Agriculture unquestionably contributes significantly to economic development and growth in every nation in the world [4]. Similar to this, agriculture is the largest industry and the primary source of income for most people worldwide, especially in developing nations [5,6,7]. While the Corona virus is a catastrophe for public health, questions are raised about its potential effects on local and global food systems and their ability to ensure access to and consumption of safe and affordable food as well as adequate incomes for those living, in particular, in the smallholder sector of developing countries [3]. Even though it is difficult to predict how COVID-19 will affect short- and long-term food security, some risk factors can be identified, and lessons learned from past pandemics (such as the Ebola virus disease (EVD) in West Africa in 2014) or major crises (such as the food prices crisis of 2008) suggest that effects on food security could be swift and of dramatic proportions [1].

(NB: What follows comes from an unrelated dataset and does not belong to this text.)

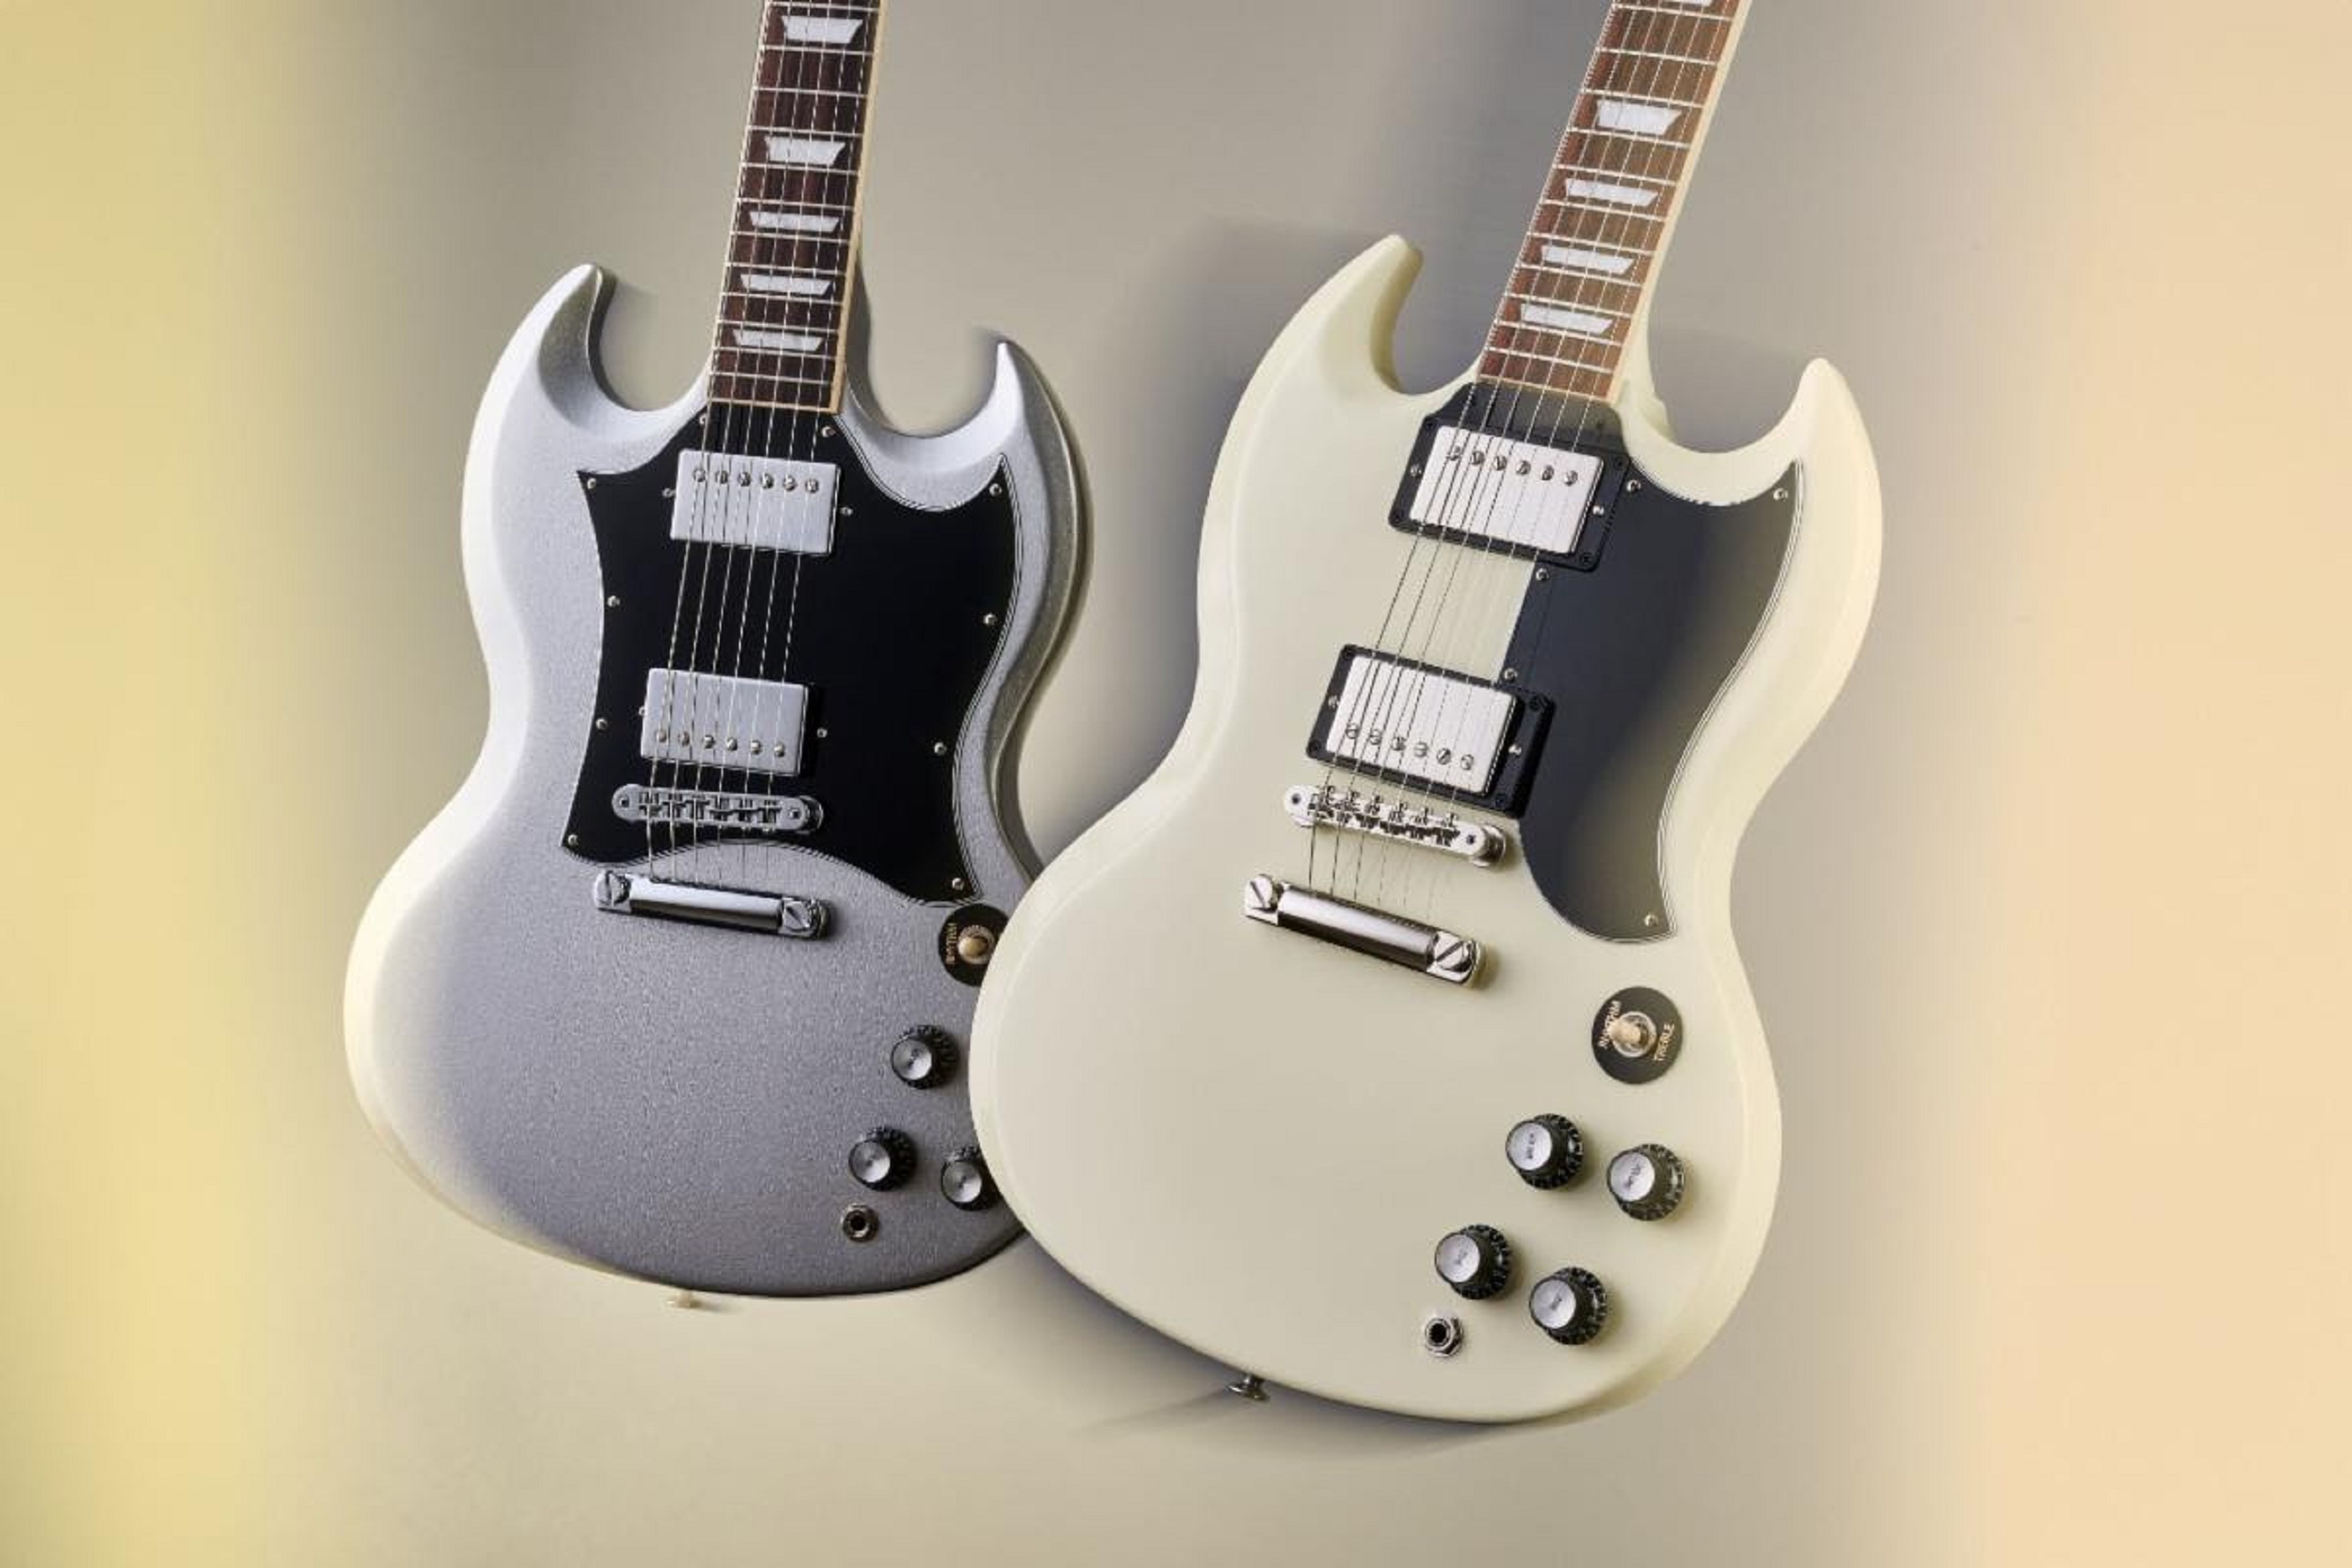 Gibson: Custom Color Series SG Standard and SG Standard ’61 Available Worldwide on Gibson.com
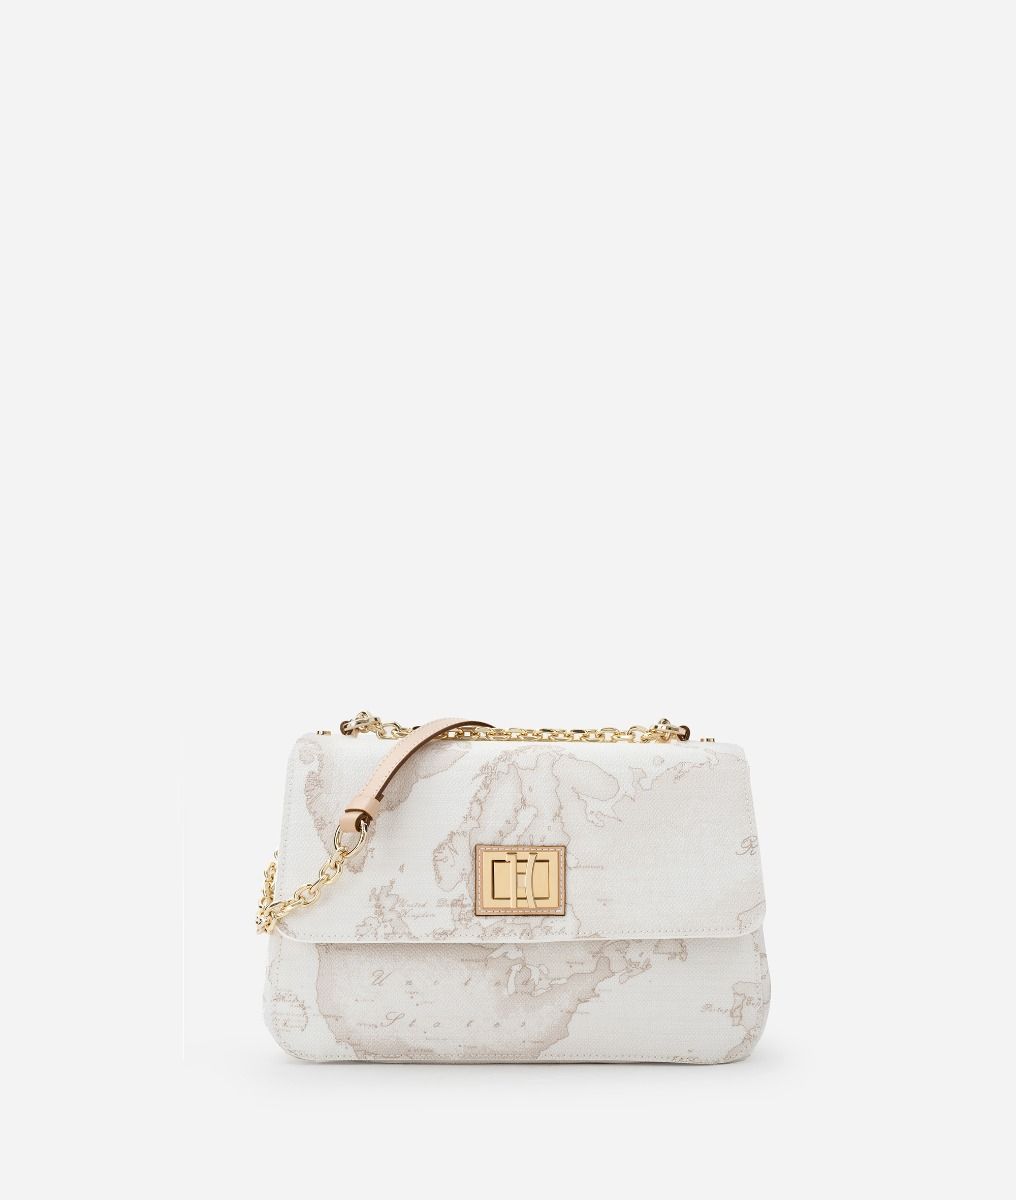 Geo White crossbody bag with front flap,front

Previous epidemics, such as SARS and H7N9, have had devastating effects on population health, crop production, and the economy [8]. COVID-19 outbreaks could be much more difficult to control in countries already affected by existing shocks, such as political instability and conflict, and could potentially exacerbate food insecurity [1]. As Ethiopia is currently affected by desert locust outbreaks or economic crises, an additional layer of COVID-19 impacts has been added to the challenges that these areas are already facing, and is likely to increase the number of vulnerable people. Because of access constraints and health-care capacity limitations, the disease could spread much faster and have more severe consequences, making it difficult to diagnose and contain. Food supply chain disruptions and a decrease in access to basic necessities could lead to an increase in food insecure households. Price increases, economic insecurity, and fear as the pandemic spreads could all contribute to increased social tension.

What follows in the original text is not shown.